AI Systems, Training

Unconventional AI

Palo Alto, CA • On-site

$123K - $168K/yr

Full-time

Posted 28 days ago


Job description

Job Summary:
Unconventional AI is a company focused on redefining computing to solve the energy limitations of AI. They are seeking a key contributor to build a next-generation ML model training platform and co-design training systems alongside novel AI models and hardware.
Responsibilities:
• Build and maintain highly optimized, model-specific training stacks specifically tuned for state-of-the-art generative vision, language, and world models.
• Design and scale multi-node distributed training systems, implementing elastic sharding and robust data streaming pipelines for fast, large-scale iteration. Implement and robust model checkpointing and recovery mechanisms.
• Develop and optimize kernels using low-level programming models like CUDA and Triton. Design rigorous benchmarking suites to track Model Flops Utilization (MFU), memory bandwidth, and convergence stability.
• Act as a translator, discussing algorithmic trade-offs with theorists and converting model requirements into concrete specifications for infrastructure and hardware engineering teams.
Qualifications:
Required:
• Education: An MS/PhD or equivalent research/project experience in a quantitative field such as AI/Machine Learning, Computer Science, Physics, Electrical Engineering, or Applied Math.
• Experience: Veteran of the modern ML software stack. Demonstrated ability to map state-of-the-art AI model architectures (e.g., transformers, Mixture of Experts, diffusion models) to system performance implication.
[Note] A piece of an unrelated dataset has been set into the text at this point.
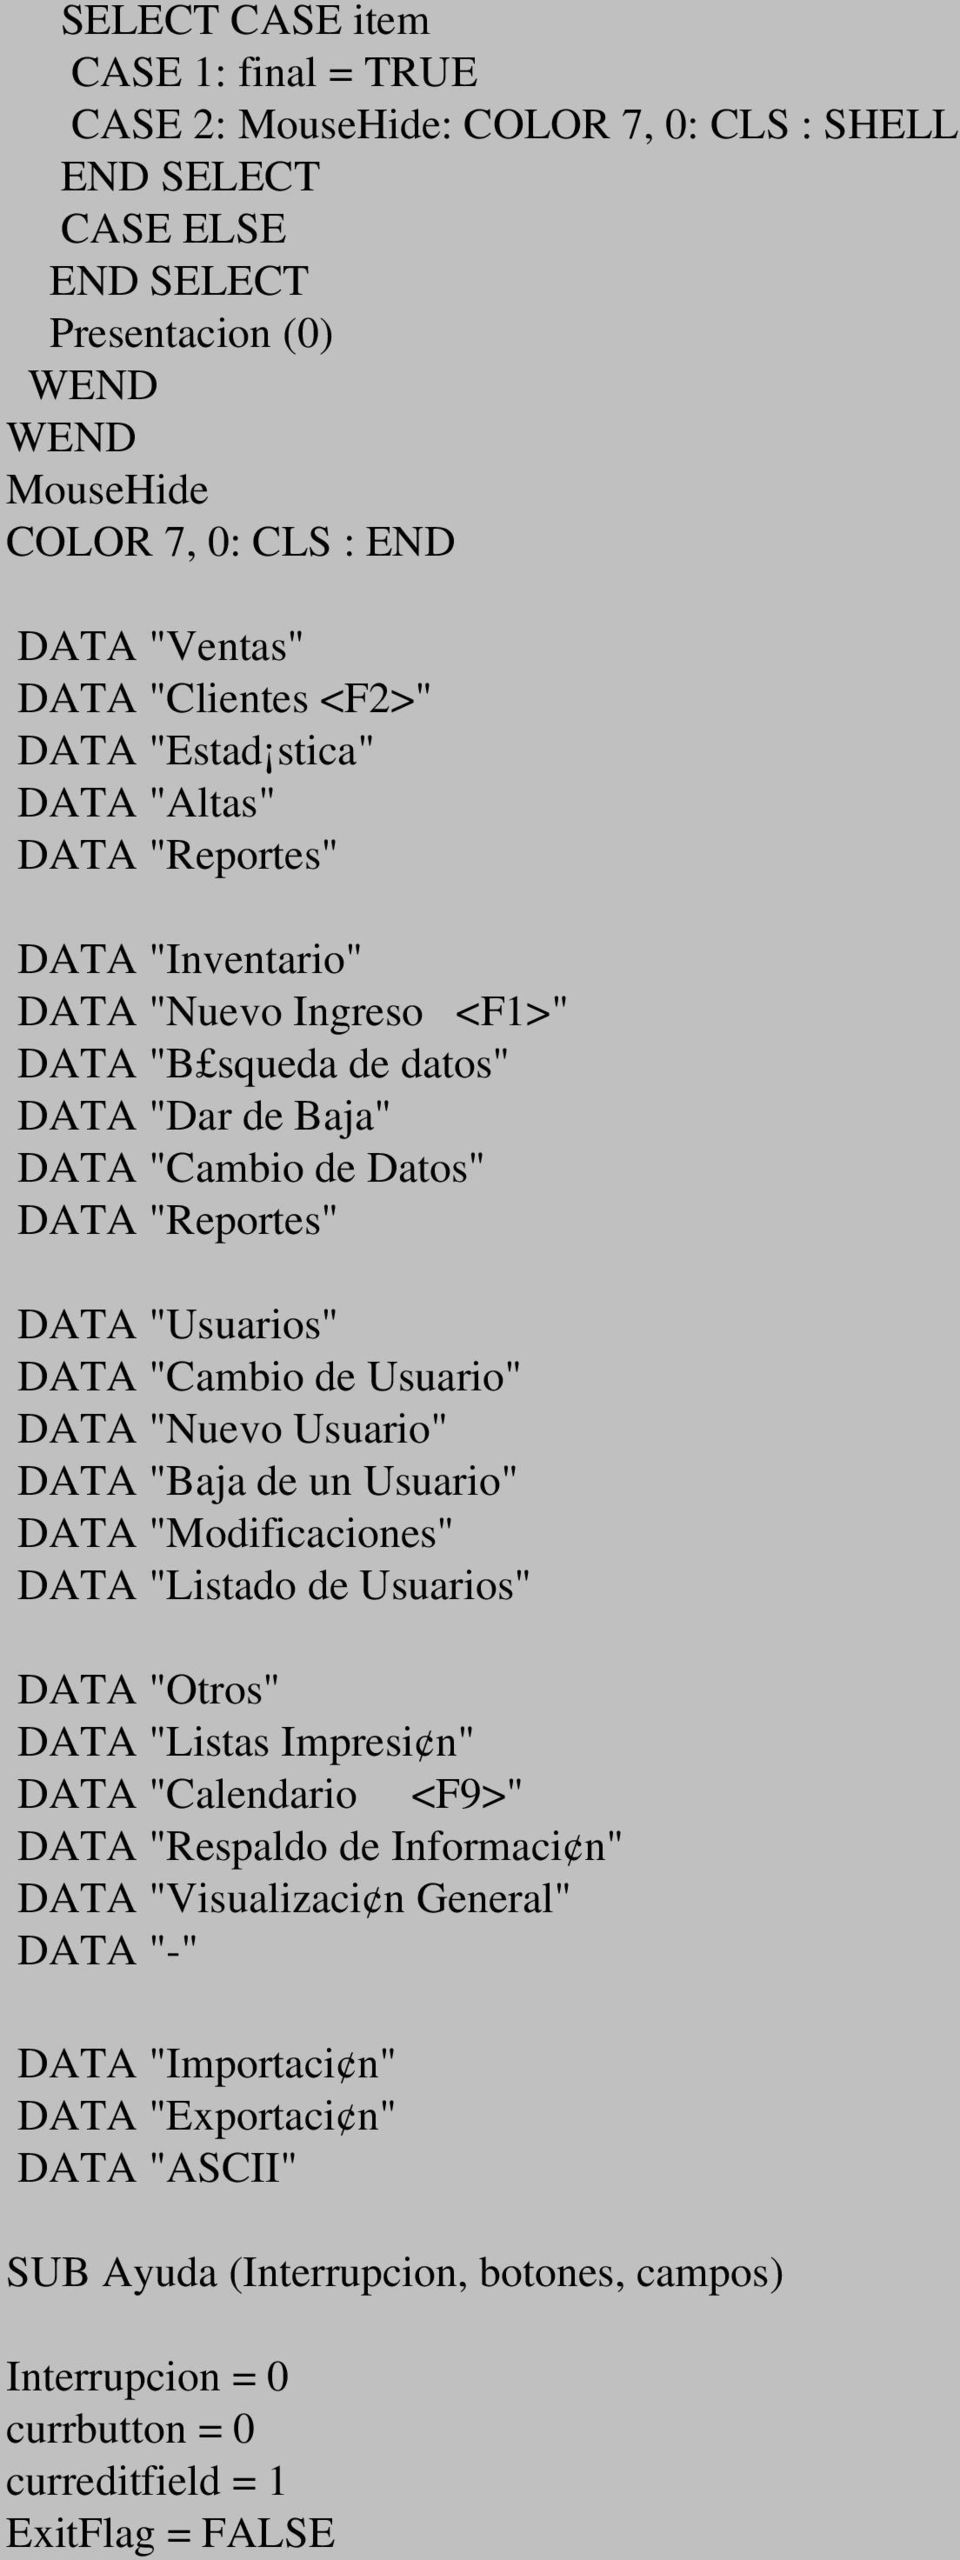 Usuario" DATA "Nuevo Usuario" DATA "Baja de un Usuario" DATA "Modificaciones" DATA "Listado de Usuarios" DATA "Otros" DATA "Listas Impresi n" DATA "Calendario <F9>" DATA "Respaldo de Informaci n"

Deep expertise in how models are partitioned across a cluster, with a mastery of communication primitives, and parallelism strategies.
• Software Development: Proven track record of implementing, debugging, and maintaining production-grade training frameworks—such as Megatron-LM, DeepSpeed, Ray, PyTorch Lightning—turning raw compute into a reliable model-building factory.
Preferred:
• Unconventional Co-Design: A forward-looking perspective on co-designing algorithms for unconventional computing paradigms that map closely to the physics of underlying systems.
Company:
Unconventional AI rethinks computer foundations to optimize energy efficiency for AI. Founded in 2025, the company is headquartered in San Francisco, USA, with a team of 11-50 employees. The company is currently Early Stage.